Fog Over Frisco (1934). Donald Woods plays Tony, a reporter pursuing socialite Val (Margaret Lindsay). Val's half-sister Arlene is a bad girl of sorts, hobnobbing with gangsters but engaged to a stockbroker. When Arlene gets her fiancé mixed up in a stock swindle, Arlene goes missing and Tony gets his chance to crack the case wide open. This is, unsurprisingly, Bette Davis' movie, even though she disappears for much of the movie. It's one of those really zippy Warner Bros. programmers; they always seemed to be better at that style of film-making than any of the other studios.
I hope I understood this week's theme correctly....
Review: Nosferatu
56 minutes ago
4 comments:
Perhaps unsurprisingly, the only one I've seen is Plan 9. That movie is a riot.

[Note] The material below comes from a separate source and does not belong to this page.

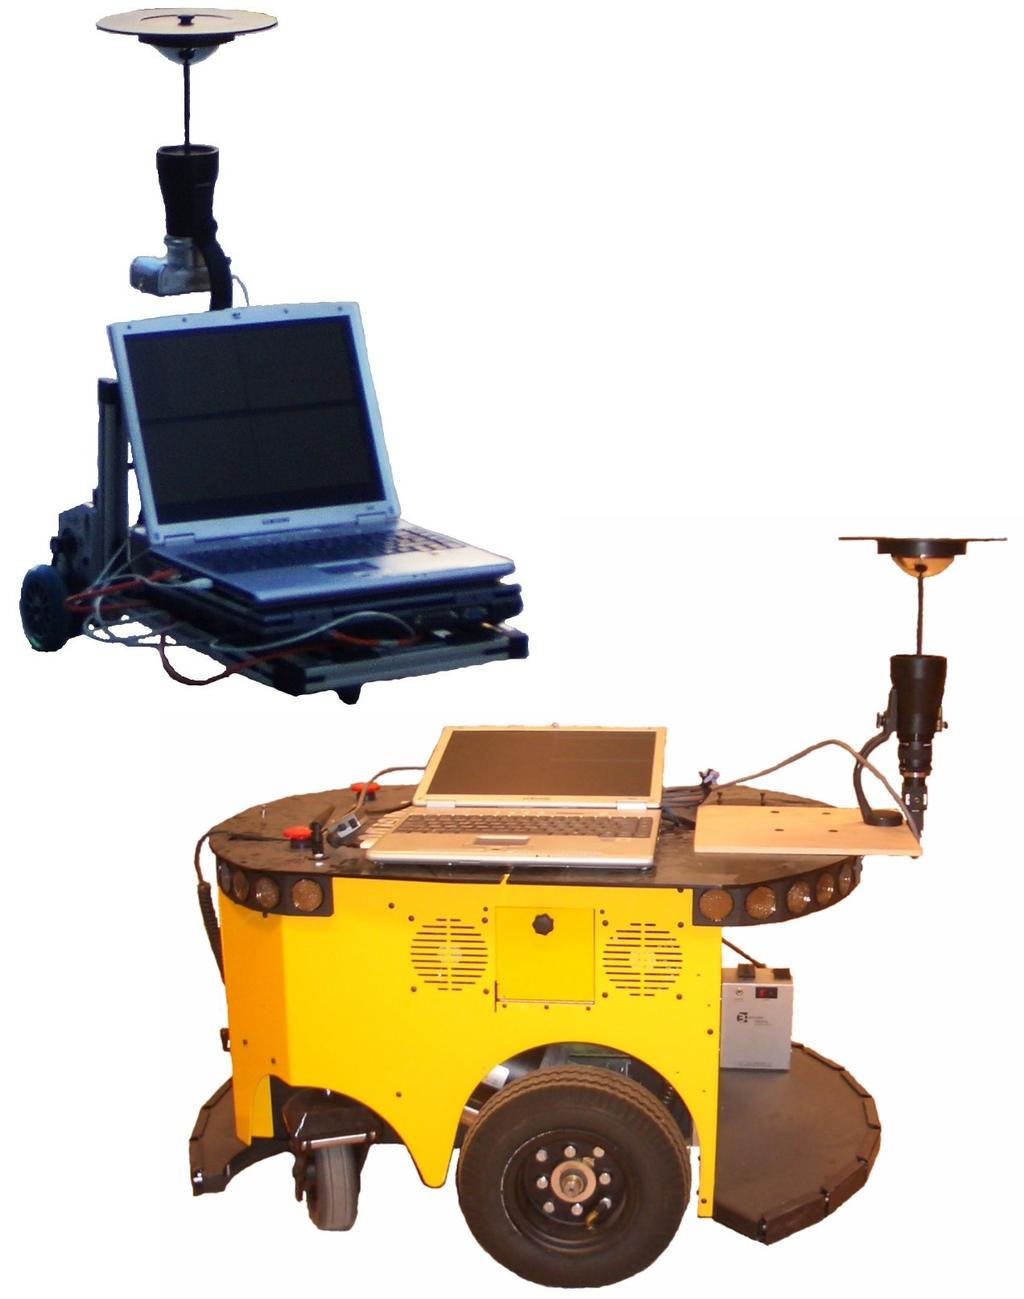 Localization Localization and vision Initial approach approach Mobile robots

Plan 9 fits the bills since they keep going back into the woods driving in one car and arriving in a different t car...hahahaaa but the cops must try to save the day. I haven't seen Brainstorm since it came out. I still think that Natalie Wood died in a strange way and Wagner and Walken know...or at least Wagner knows. I haven't seen your last pic
Plan 9 is a mess but since it's so infamously awful no one can really complain, they have to know what they're walking into when they start watching.

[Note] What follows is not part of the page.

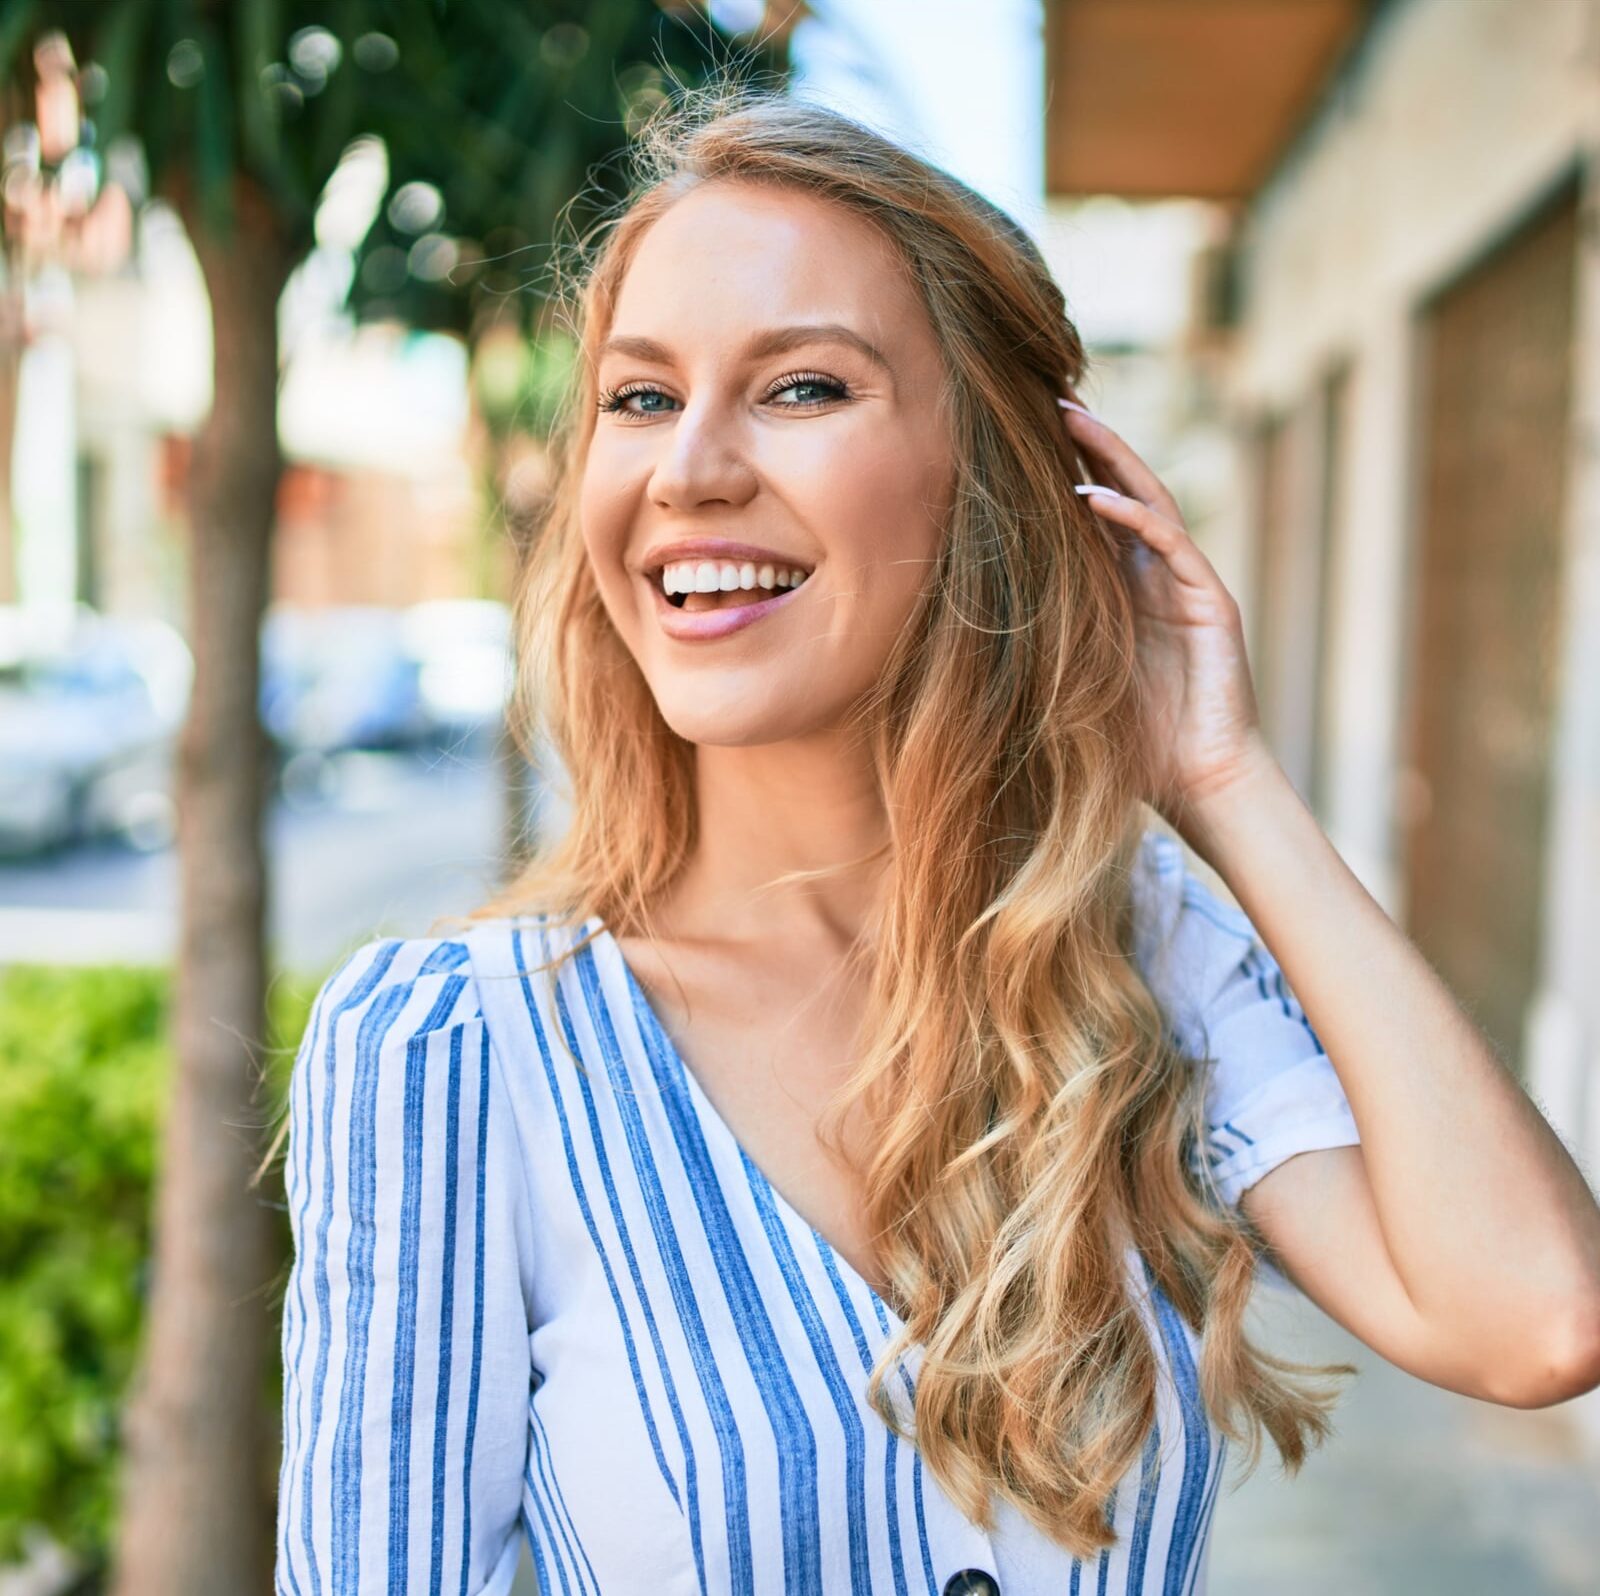 Young beautiful caucasian woman with blond hair smiling

Brainstorm had some interesting bits but its rocky production history shows on the screen. Not an awful film by any means and not an ignominious swan song for Natalie but hardly her best showcase either.
When Bette Davis isn't on screen Fog Over Frisco is just another Warners programmer, peppy but average. But when she is she zaps the movie to life with a live wire performance of a girl you can actually feel hurtling towards disaster.

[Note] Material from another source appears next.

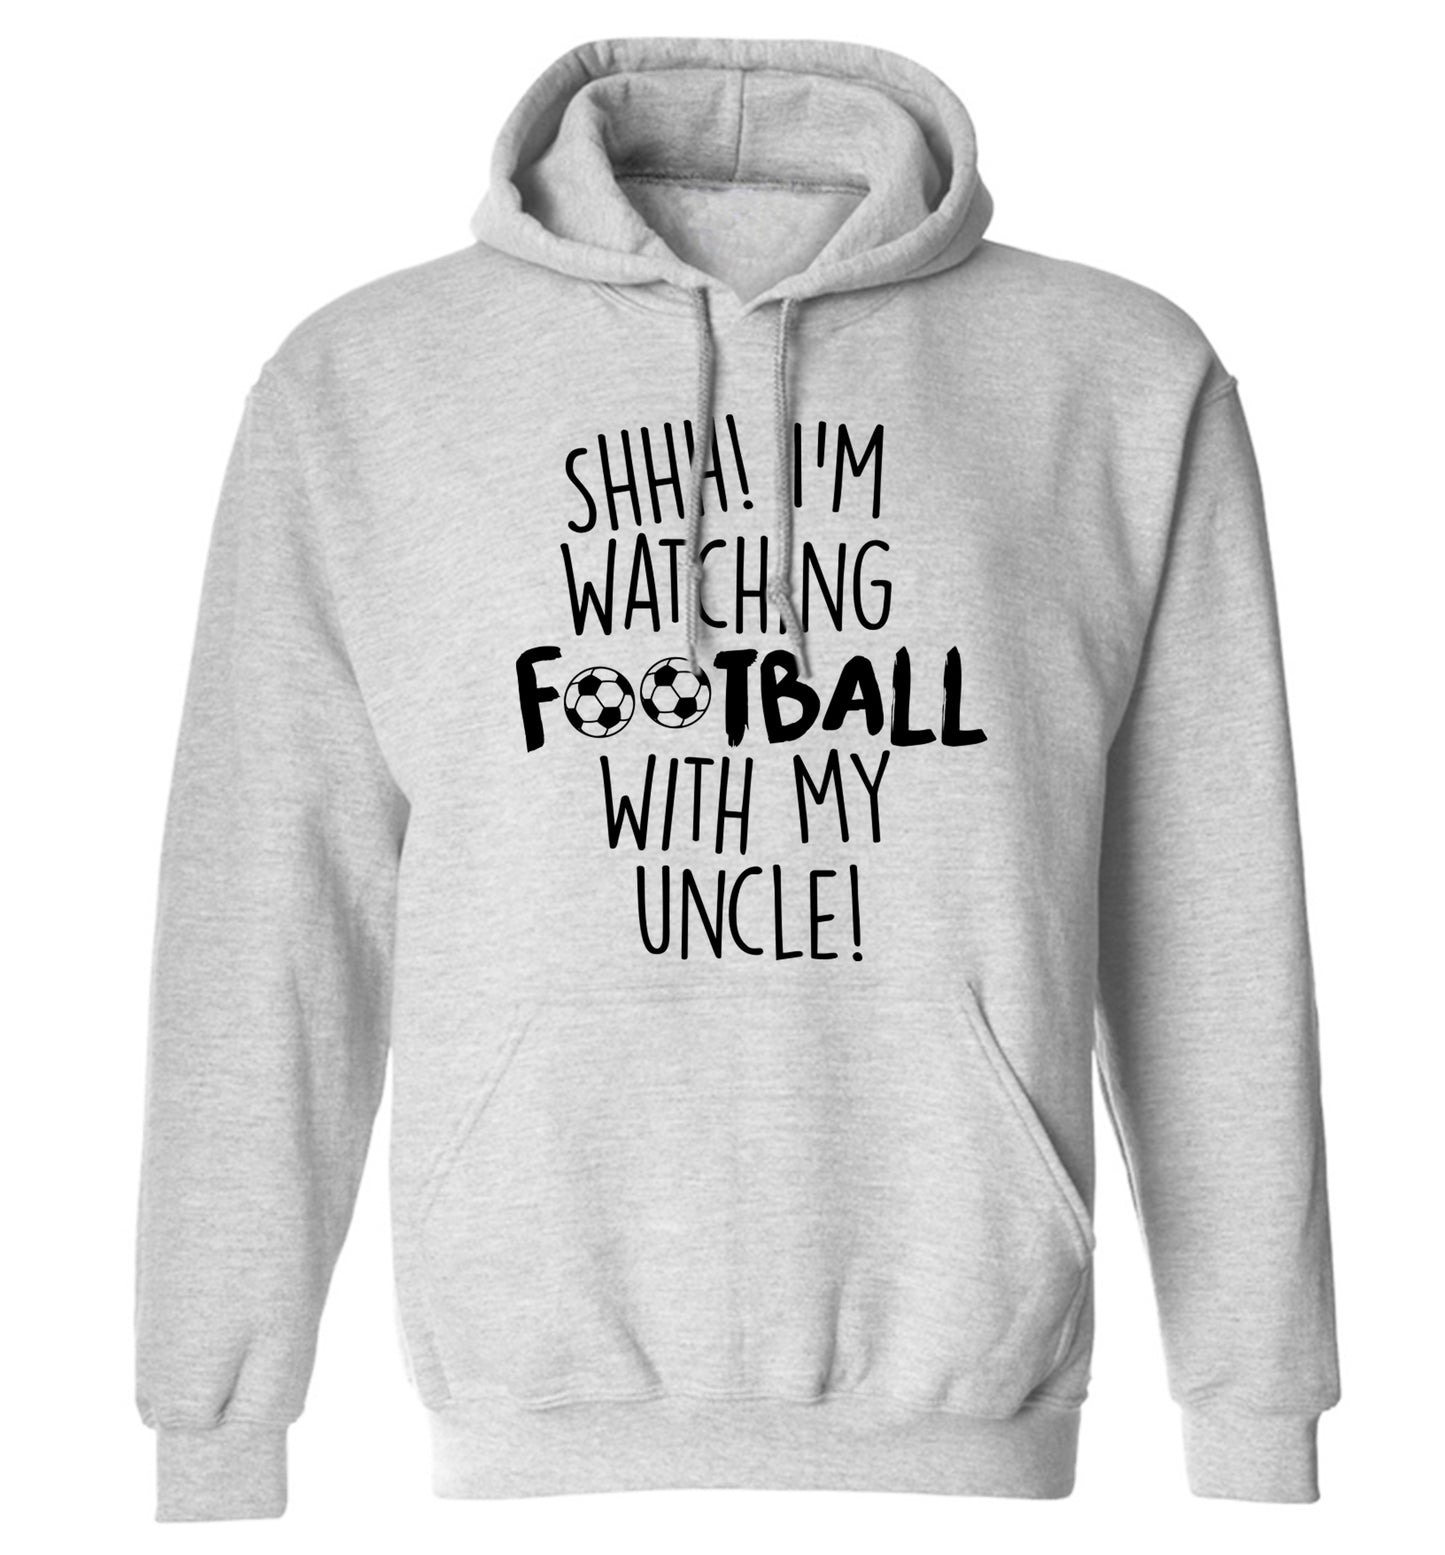 Shhh I'm watching football with my uncle adults unisexgrey hoodie 2XL

I didn't reach as far back as I usually do this week, for some reason all I could come up with on older films was the uninspired King of the Lumberjacks so I went slightly more current but still back a bit.
The Emerald Forest (1985)-Engineer Bill Markham is in Brazil with his wife Jean (Meg Foster) and young son Tommy (the film’s director John Boorman’s son Charlie) working on a hydroelectric dam on the edge of the rainforest. One day while the three are having a picnic near the site Tommy is taken by a forest tribe known as The Invisible People. Markham spends the next ten years searching the jungles for Tommy meeting many obstacles including the cannibalistic Fierce People along the way. Beautiful looking complex adventure based on true events.
Sometimes a Great Notion (1970)-The Stamper family, father Henry (Henry Fonda), oldest son Hank (Paul Newman), his wife Viv (Lee Remick), younger brother Leeland and nephew Joe Ben (Michael Sarrazin & Richard Jaeckel) are independent Oregon loggers. When the local union loggers go on strike against the corporate giant that controls most of the area they urge the Stampers to join them but being struggling independents they fear they won’t survive and refuse. The tensions that run high among them and the townsfolk is mirrored within the family leading to conflict and tragedy. Based on a Ken Kesey novel this is a sometimes slow but extremely well-acted (Jaeckel is a particular standout) complicated family drama.
The Edge (1997)-Uber rich Charles Morse (Anthony Hopkins) has gone with his model wife Mickey (Elle Macpherson) on a photo shoot to a remote mountain area along with photographer Robert Green (Alec Baldwin), who Charles suspects is involved with Mickey, and his assistant (Harold Perrineau). While Mickey stays behind the three men fly into the wilderness for nature photos but the plane crashes killing the pilot and the three men must struggle to survive not only the elements but the giant bear tracking them through the woods and ultimately each other.
Super intrigued by Brainstorm - love Walken! And I still need to see Plan 9.